# car audio help



## ruthless911 (Jul 2, 2005)

im wondering if i could get some ideas as to what i should do with my electrical system.im running 2 amps. the sub amp has a fuse rating of 90amp
the highs have a fuse rating of 40. i have a 2000 pontiac grand am any suggestions? seriously high powered system


----------



## JamesO (Mar 30, 2005)

This link has some good info:

http://www.zena.net/htdocs/alternators/AutoSound.shtml

JamesO


----------



## ruthless911 (Jul 2, 2005)

thanks. i appreciate it!


----------



## Volt-Schwibe (Jan 12, 2003)

i'm gonna add, you will want to run a new dedicated wire from the battery all the way back to the amp, obviously with a fuse inline.

on the amp, there is a terminal labeled "remote" or "trigger". there is a wire on the deck that matches this, and it will turn the amp on when the stereo unit is switched on.

with two amps, you just run two wires from the stereo's trigger, one to each amp.

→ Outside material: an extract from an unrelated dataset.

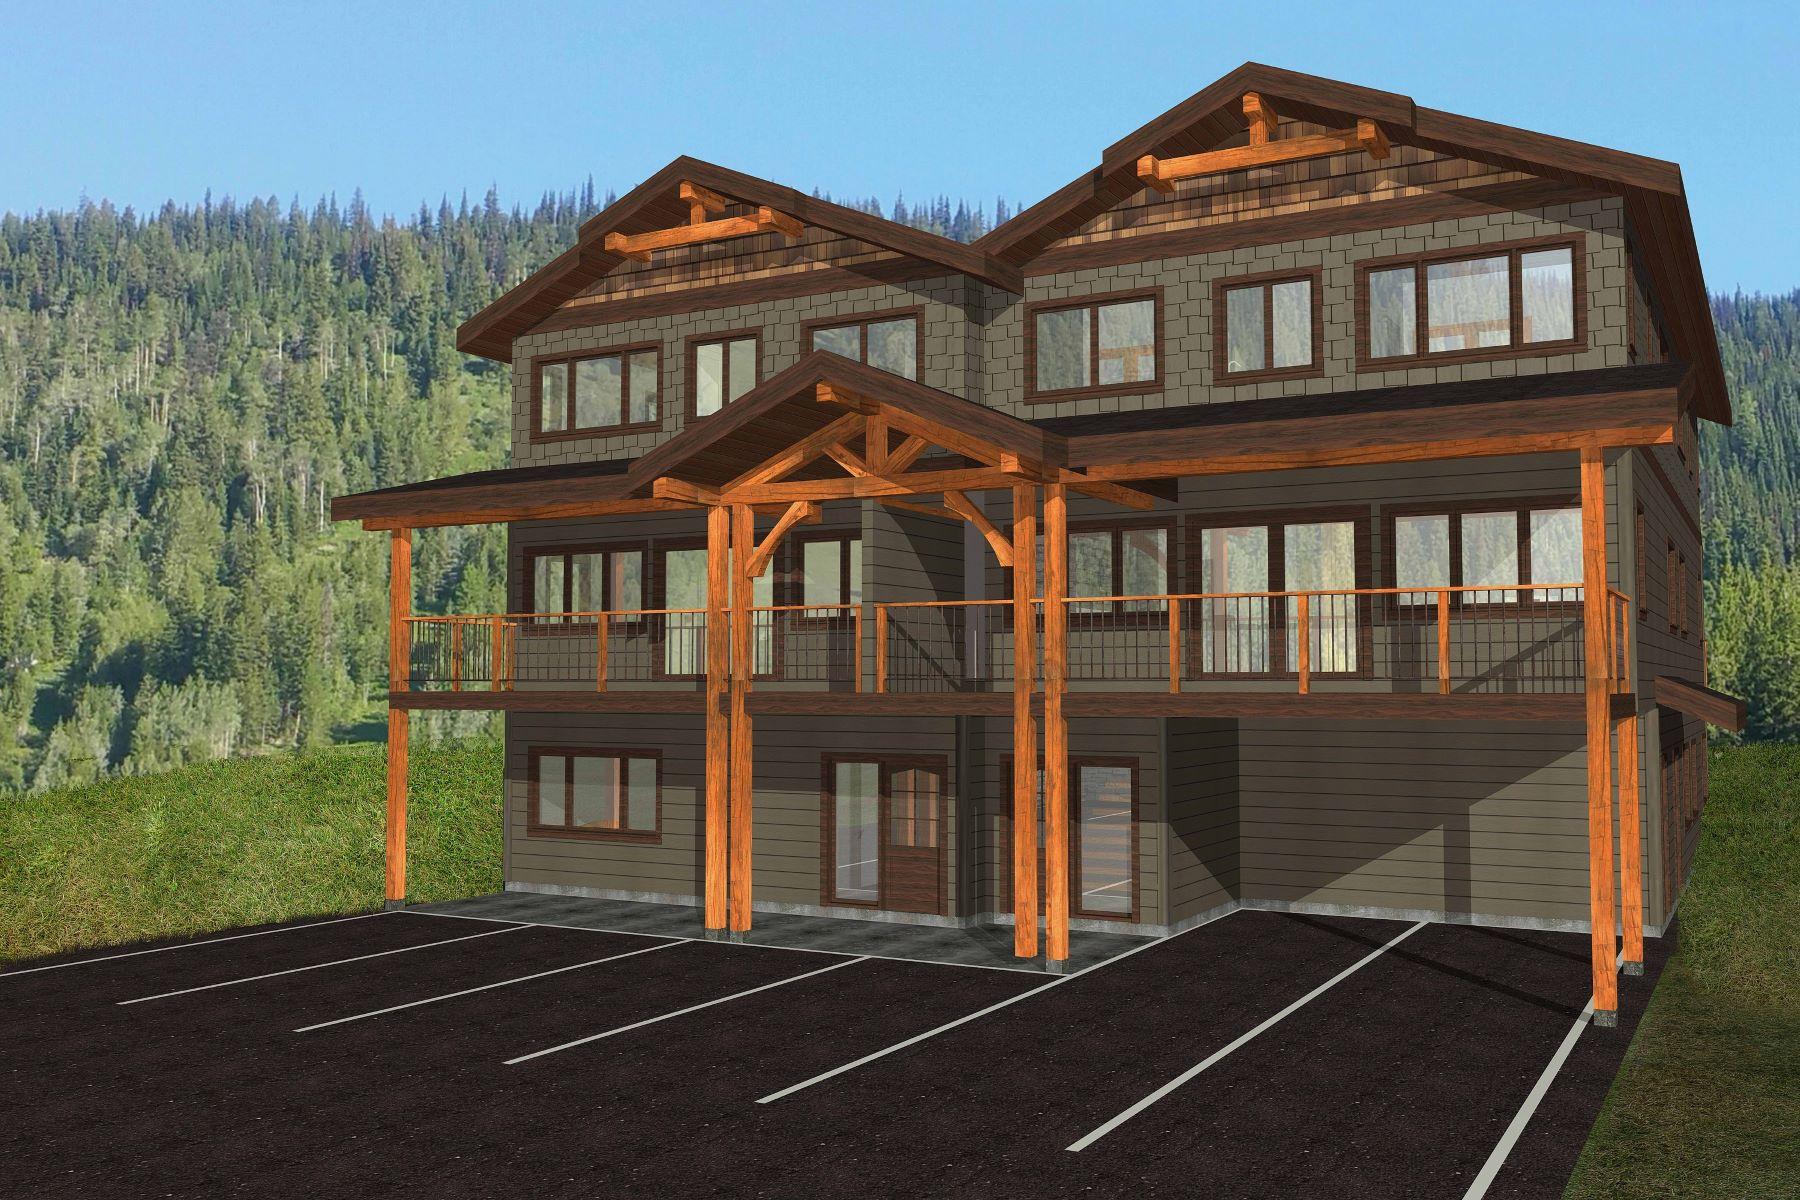 共管物業 為 出售 在 New 3 Bedroom Condo 4-1305 Burfield Drive, Sun Peaks, 不列顛哥倫比亞省, V0E 5N0 加拿大

but, the car's electrical system wasn't meant to hold this high of a load, so you will need to run new heavy gauge wires to keep up with it.


----------



## ruthless911 (Jul 2, 2005)

ive already installed 4awg wires for power. i just need to know what kind of power upgrades i need. thanks though


----------



## JamesO (Mar 30, 2005)

Forgot the BIG capacitors!

http://www.soundoffaudio.com/items.cfm/cat1/Car Audio/cat2/CAPACITORS

JamesO


----------



## ruthless911 (Jul 2, 2005)

from what ive read i think a capacitor is the wrong way to go. i think i should upgrade my electrical system. right now my alternator is stock @102amps
my system is 130 amps alone so i think even if i got a capacitor the battery still wouldnt stay charged.i dint know i would have to spend this much money for all this :dead:


----------



## johnwill (Sep 26, 2002)

I think you first should be shopping for a new alternator with more capacity. :smile:


----------



## luvscamaro (Aug 29, 2007)

first thing you need to know that that amperage is a peak stating that on a surge that that amperage is a peak it can hadle before blowing the fuse if the added fuses are 120 amps the system on draws around 40 to 50 amps continousley a beefer alternator would def help and a better bat such as a optima bat you need one half of a fared for every 500 watts your system puts out the cap rebounds faster than your bat will ever hope to and will help clean you the sound quality a little bit and stiffen the bass. you have a good start with a heavy guage power wire if you are noticing voltage drop or your headlights are dimming start with a good bat and at least one fared cap if that does not cure it my math roughly a 150alt would do you just fine unless you plan on adding later then you may want to get a 200amp. look up ohms and kurchafs law you will understand a lot more after reading that i am a best buy mecp certified car audio technician e598678[at]hotmail.com


----------



## jaggerwild (May 21, 2007)

Hey ruthless911!
I've seen these new batteries they have out, it acts like a capacitor but it doesn't empty when the Bass hits so your head lights don't dimm at all cause the amp always has power waiting for it with this set up.
Not sure of the name but I know it starts with a "k" something, there half the size of a normal battery and last a lot longer too....


----------



## pharoah (Aug 28, 2006)

a higher capacity alternator is a must.you may also want to consider a higher amp battery.the big caps idea is actually a good one to keep the electrical flow stable.


----------



## jaggerwild (May 21, 2007)

Hey ruthless911
See a cap like this is garbage http://http://cgi.ebay.com/ebaymotors/3-FARAD-DIGITAL-CAR-AUDIO-POWER-CAPACITOR-CAP300DBL_W0QQitemZ150158047538QQihZ005QQcategoryZ38655QQssPageNameZWDVWQQrdZ1QQcmdZViewItem
What you need is thishttp://cgi.ebay.com/ebaymotors/KINETIK-BATTERY-POWER-CELL-KHC600-BASS-POWER_W0QQitemZ120103440269QQihZ002QQcategoryZ38636QQrdZ1QQssPageNameZWD1VQQcmdZViewItem You put it in line just like another (second) battery, again it will have power all the time where as the "capacitor" will drain with every hit of the bass. This will last longer, and will back up the front battery as well. This is only an example as I've seen smaller ones for like 90 dollars over the counter(but you get the ideal). They have no acid in them, so you will not have to worry about leaks.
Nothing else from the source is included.